[EM] IRV / RCv advances
Kristofer Munsterhjelm
km_elmet at t-online.de
Thu Jul 19 07:17:38 PDT 2018
On 2018-07-17 23:17, Abd ul-Rahman Lomax wrote:
> Richard, thanks for the advice. How to apply it is mysterious to me. So
> I'll just look at what you wrote, on what I wrote about.
>
> The essence of genuine democratic representation is choice. I may, for
> most affairs in life requiring my decision, designate a proxy, when I
> can't be there to make a decision myself.
>
> In designating a proxy, the only relevant factor is my choice, my
> decision to name a person. I may revoke this designation at any time,
> but it generally stands until revoked (either deliberately or by the
> lapse of some specified time.)
>
> Needing to meet a quota is contrary to the fundamental principle of
> choice in representation, but it may be made as a compromise. So, we
> decide that, to have a seat in an Assembly, the seat must be supported
> by a quota of voters, who agree to the person serving in that way, for
> them, and if this is fully democratic, then those voter choices are not
> coerced. It is possible for a voter to designate a series of choices,
> i.e., my first choice is A, my second choice, if A cannot serve, is B,
> etc. However, this leads to a fairly complex system and Dodgson
> (Carroll) found a far better way, far more suitable for ordinary voters,
> who, after all, have busy lives. STV systems only work because of party
> candidate lists, otherwise most voters, as Dodgson pointed out, really
> only know their favorite, and there is a far simpler way, that allows
> the exercise of choice in a slightly different way.
>
> Rather, a basic principle of leadership is understanding how to delegate
> authority. The skill of serving as a representative will be associated
> with skill in designating someone to serve. In the system I have
> described, electors will focus on politics and may be able to develop
> personal relationships with those who end up with seats. That is, they
> will not merely be depending on media impressions, and the corrupting
> power of money is politics is largely related to the cost of dominating
> media coverage.
>
> So, in an Asset election, the voter need only choose one person, the
> person the voter most trusts, out of all those willing to serve as
> public voters. Obviously, anyone who is a candidate is so willing to
> serve, since votes in the Assembly will be public.

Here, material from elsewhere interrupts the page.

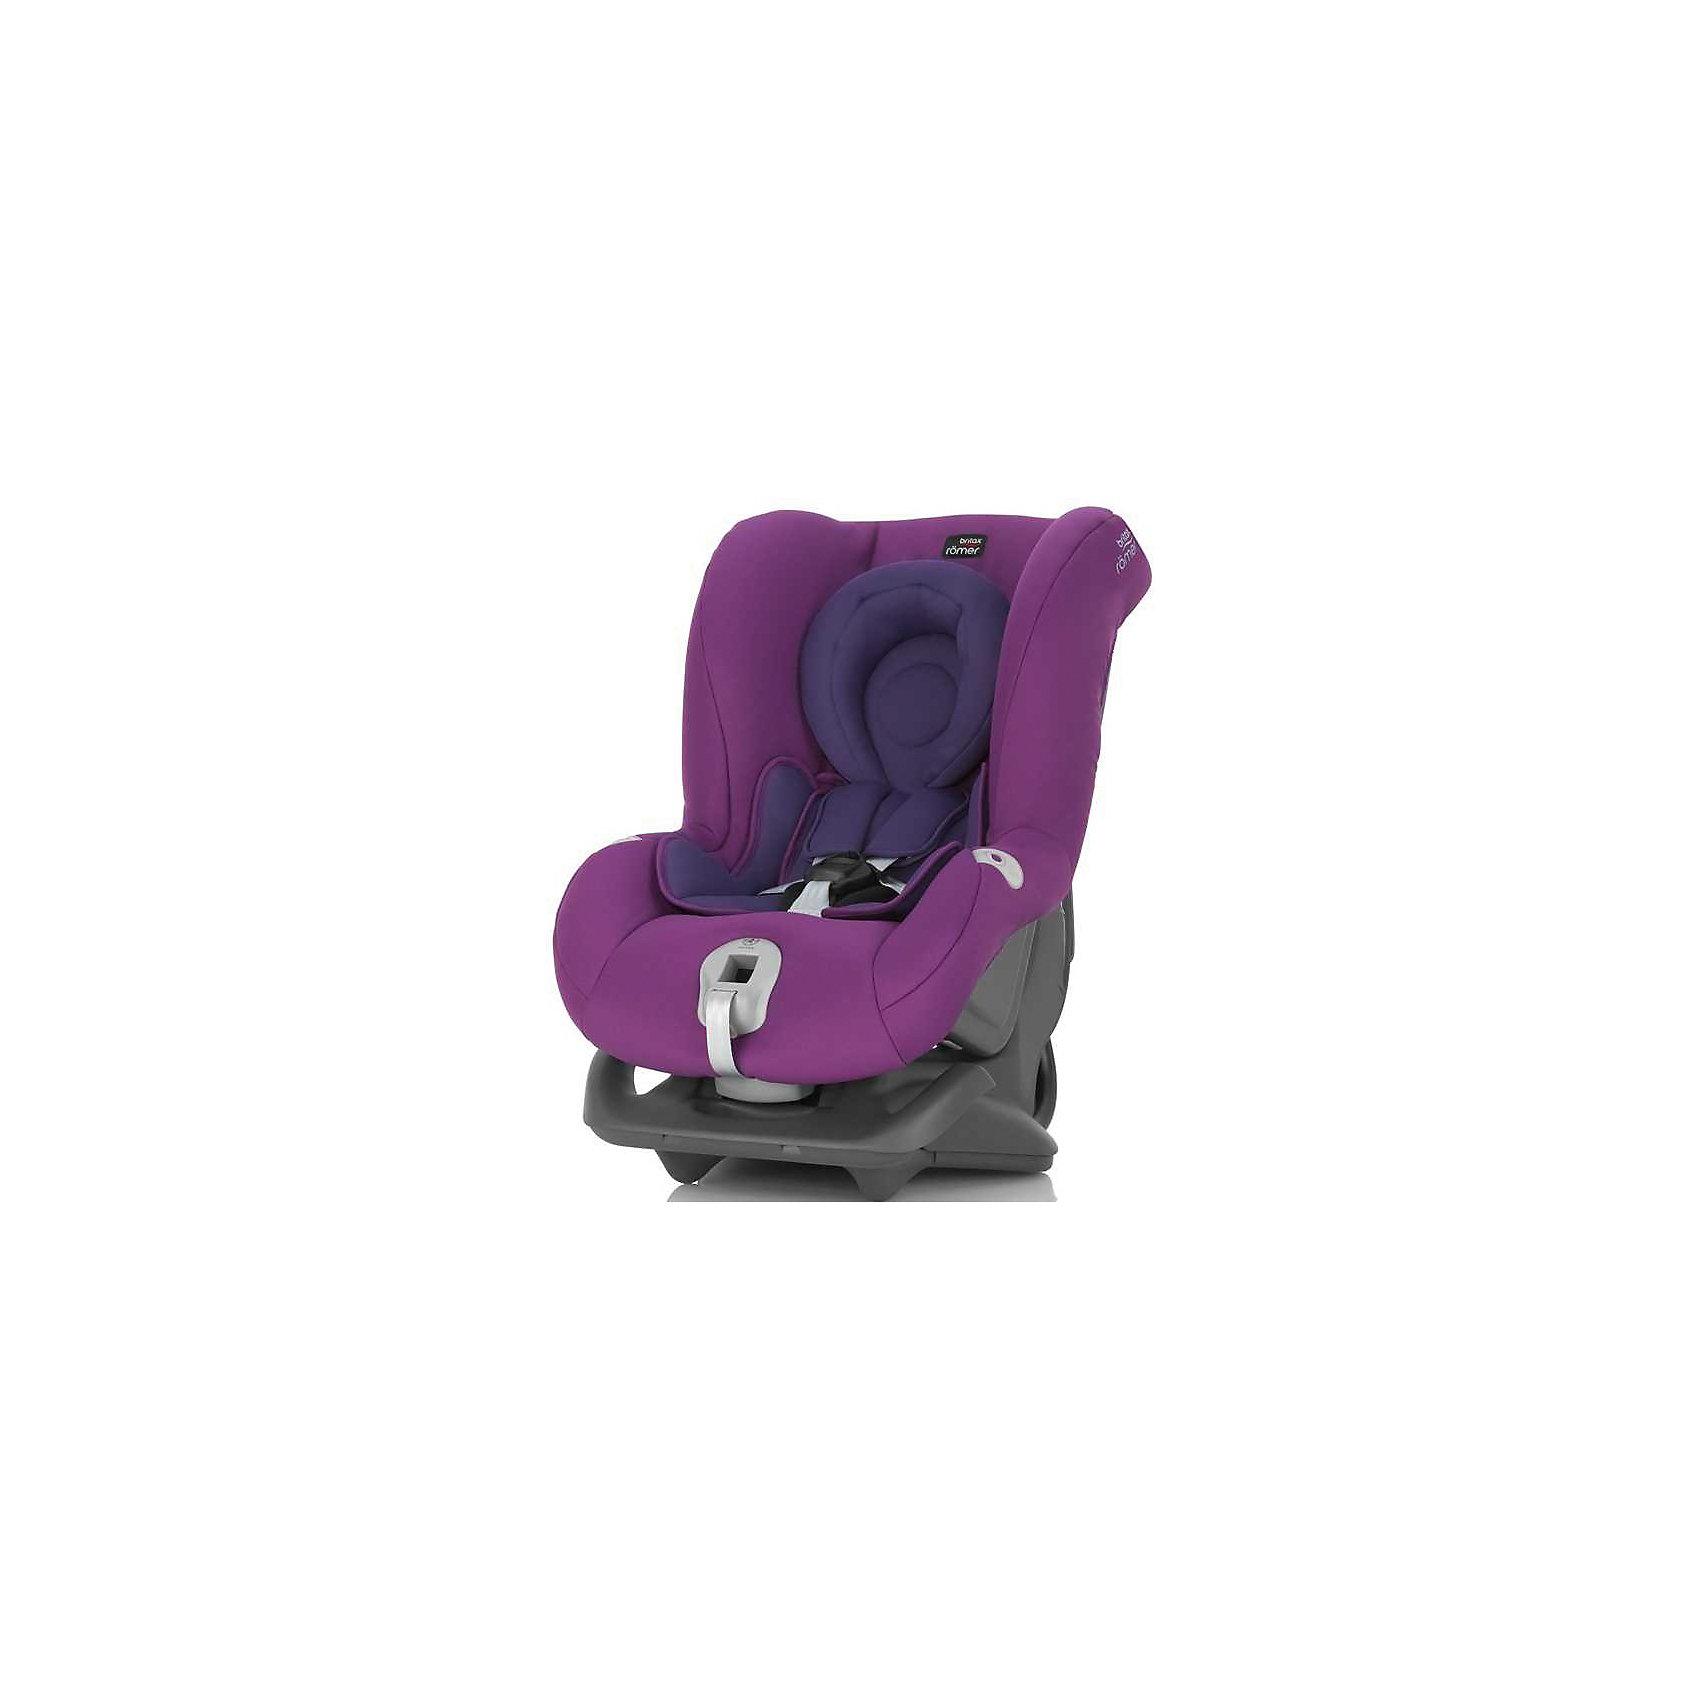 Автокресло Britax Romer FIRST CLASS plus 0-18 кг, Mineral PurpleГруппа 0-1 (до 18 кг)<br>Автокресло FIRST CLASS plus 0-18 кг., Britax R?mer (Бритакс Ромер), Mineral Purple.<br><br>Характеристики:<br><br>• подходит с рождения до 4-х лет, от 0 до 18 кг<br>• для новорожденных есть специальная анатомическая вставка<br>• регулируемые 5-точечные ремни безопасности<br>• легкая регулировка наклона<br>• система Click &amp; safe<br>• дополнительный упор при креплении против хода движения<br>• мягкие накладки на плечи<br>• альтернативный способ установки кресла для коротких штатных ремней автомобиля<br>• воздухопроницаемая ткань<br>• съемный чехол<br>• размеры: 66х45х57 см<br>• вес: 7 кг<br>• цвет: лиловый<br><br>Универсальное автокресло FIRST CLASS plus 0-18 кг., Britax R?mer предназначено для детей с рождения до четырех лет. Для комфорта малыша кресло оборудовано специальной анатомической вкладкой, обеспечивающей правильное лежачее положение. Для детей постарше кресло оснащено возможностью регулировки наклона. Пятиточечные ремни безопасности имеют плечевые накладки и обеспечат дополнительную безопасность и распределение удара при столкновении. Система Click &amp; safe оповестит вас о правильном натяжении ремней. Автокресло подходит для любых автомобилей благодаря возможности альтернативной установки (предусмотрено для коротких штатных ремней). Материал обивки воздухопроницаемый, не вызывает раздражения на коже малыша. Чехол кресла легко снимается. Это кресло отлично подойдет даже для дальних путешествий!<br><br>Автокресло FIRST CLASS plus 0-18 кг., Britax R?mer (Бритакс Ромер), Mineral Purple вы можете купить в нашем интернет-магазине.<br><br>Ширина мм: 450<br>Глубина мм: 590<br>Высота мм: 640<br>Вес г: 8400<br>Цвет: сиреневый<br>Возраст от месяцев: 0<br>Возраст до месяцев: 48<br>Пол: Женский<br>Возраст: Детский<br>SKU: 4722135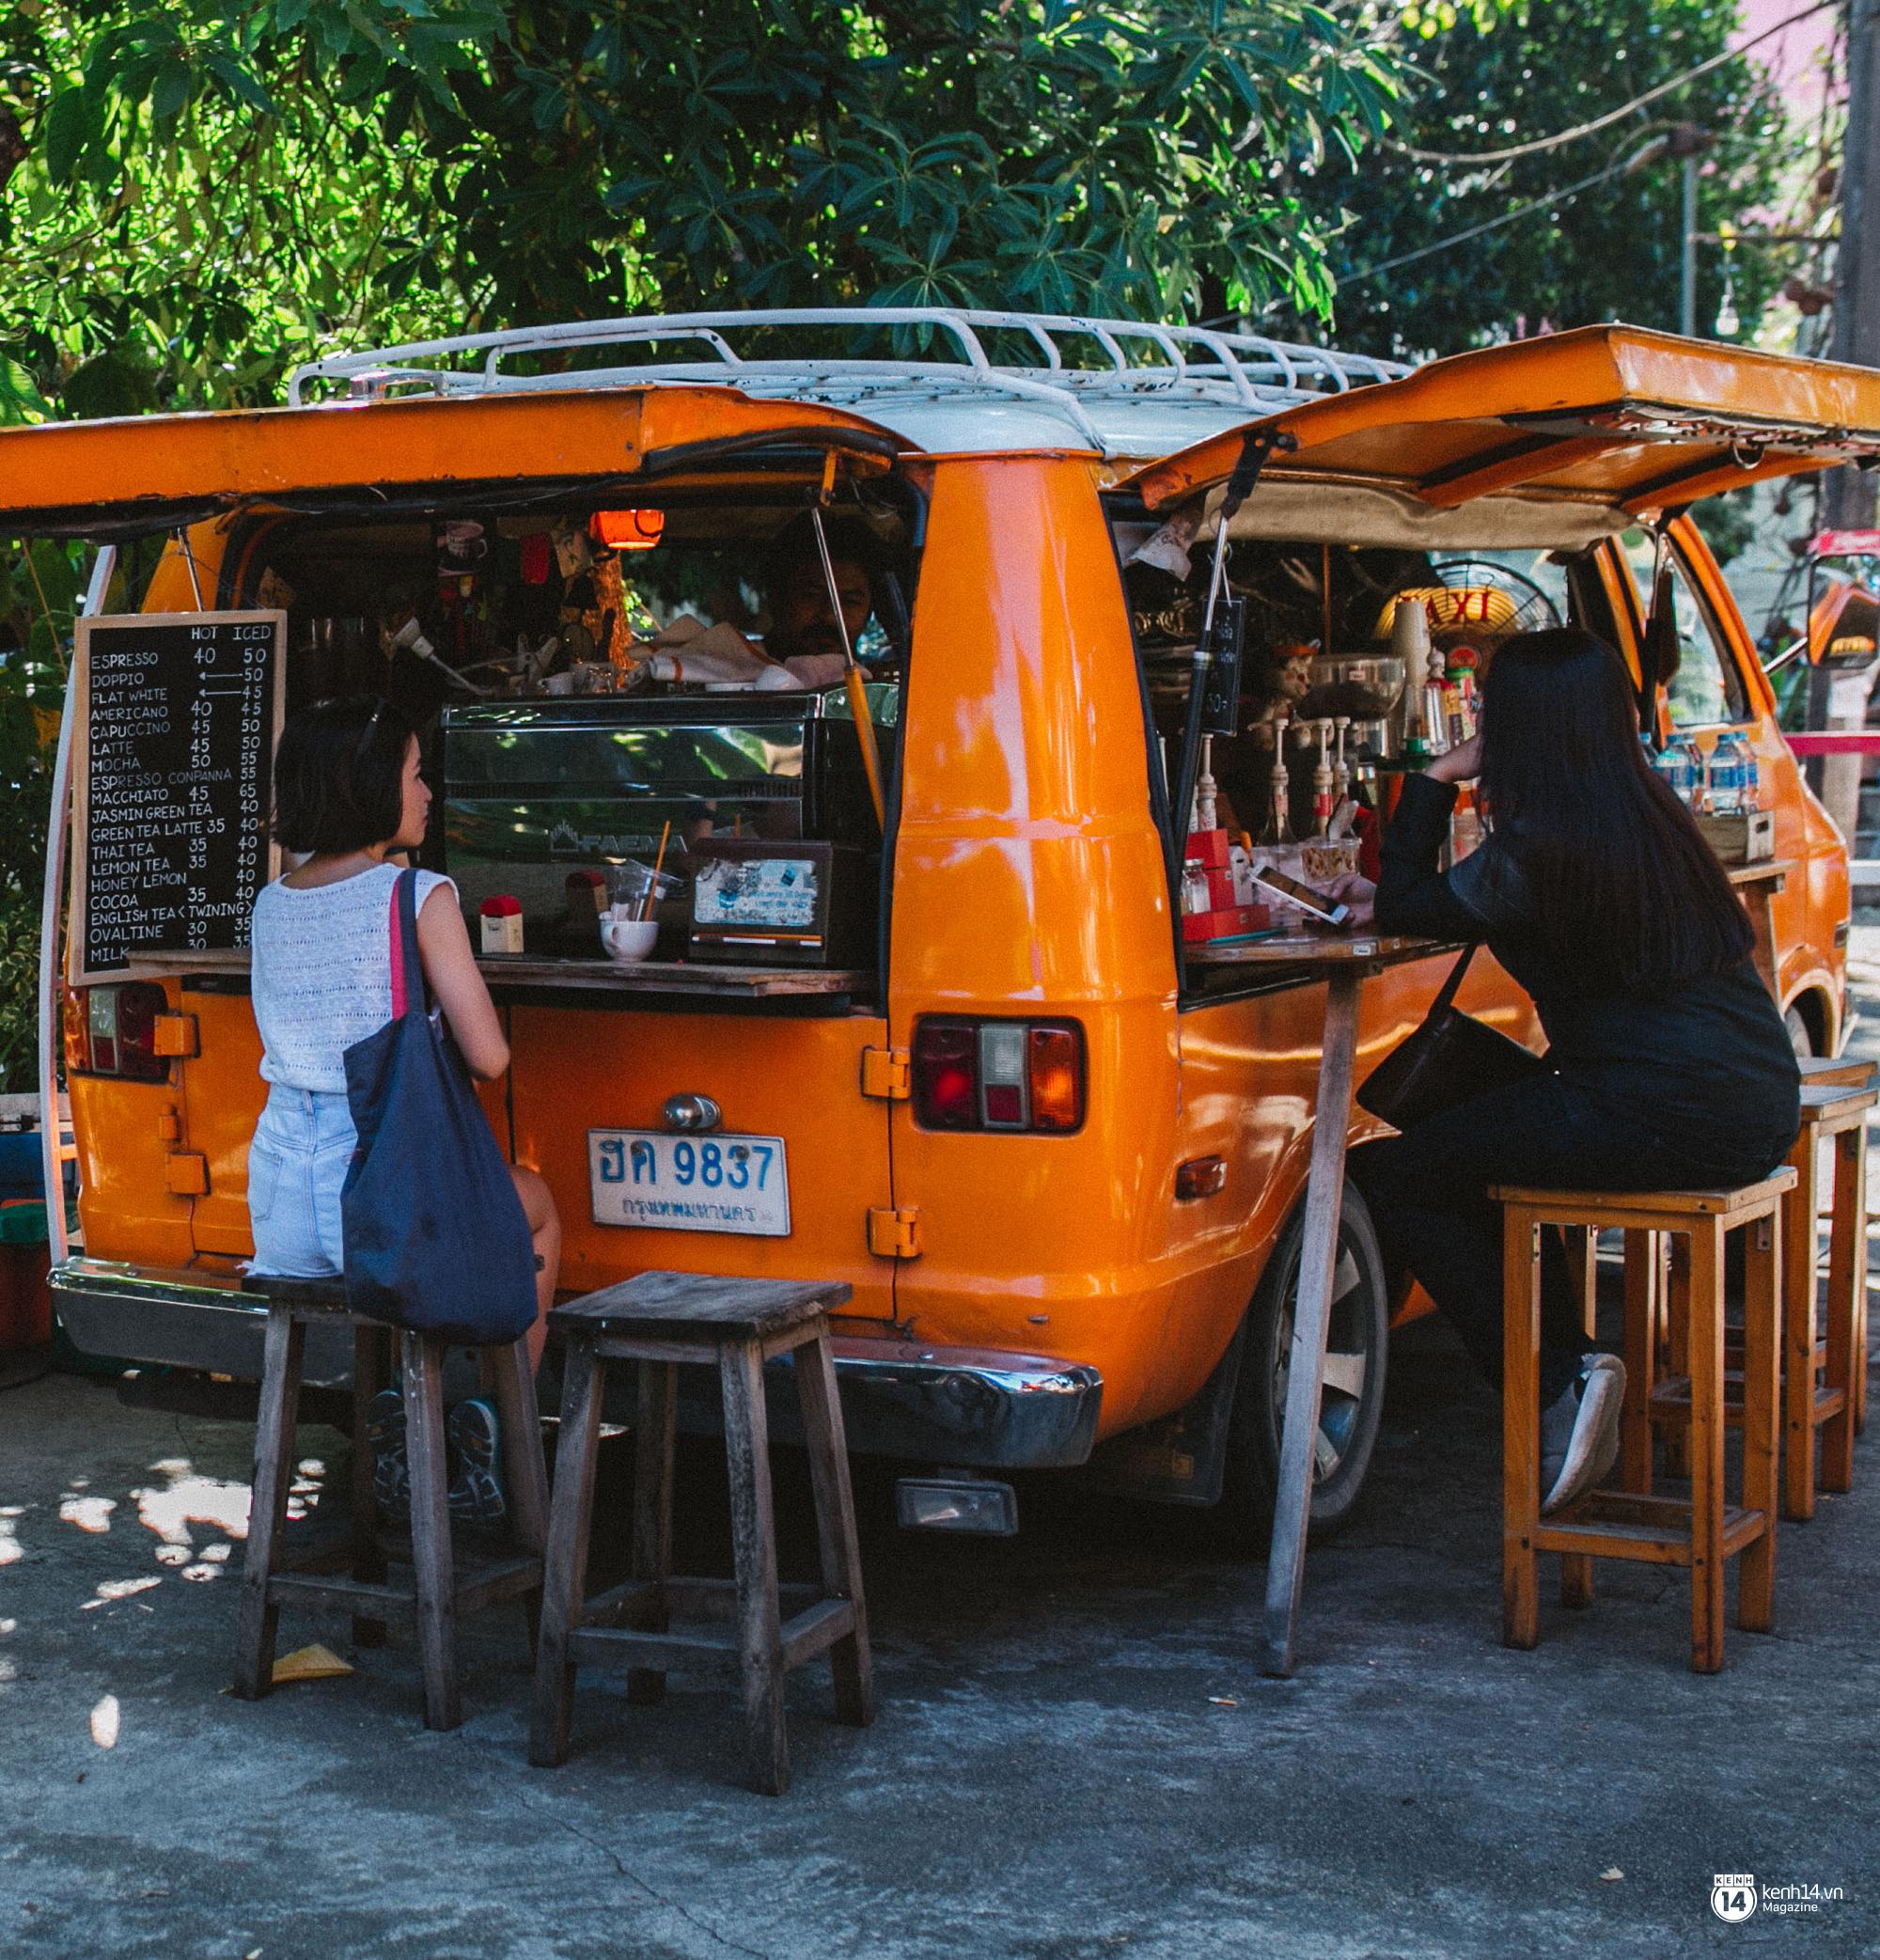 Nếu đã chán mua sắm ở Bangkok, sao không thử đến Chiang Mai tận hưởng sự thanh bình - Ảnh 3.

One thing I don't get about this phrasing of Asset is how the problem of
scale is handled.
If the number of people initially voted for is small enough that they
can all physically meet, then Asset is easy: everybody who gets at least
one vote meets and then negotiate to distribute vote assets until the
vote assets have been concentrated on sufficiently few candidates to fit
the final council. If the council votes are unweighted, one might
additionally add a constraint that every candidate needs more than a
quota's worth of votes.
But now suppose there are a million voters and everybody chooses one of
their friends as the one they trust. The set of everybody who's
somebody's friend is unlikely to be small enough that they can
physically meet. How does Asset proceed from this point? Is it just like
delegable proxy, where the "initial candidates" name other candidates in
turn until the set has been narrowed down enough?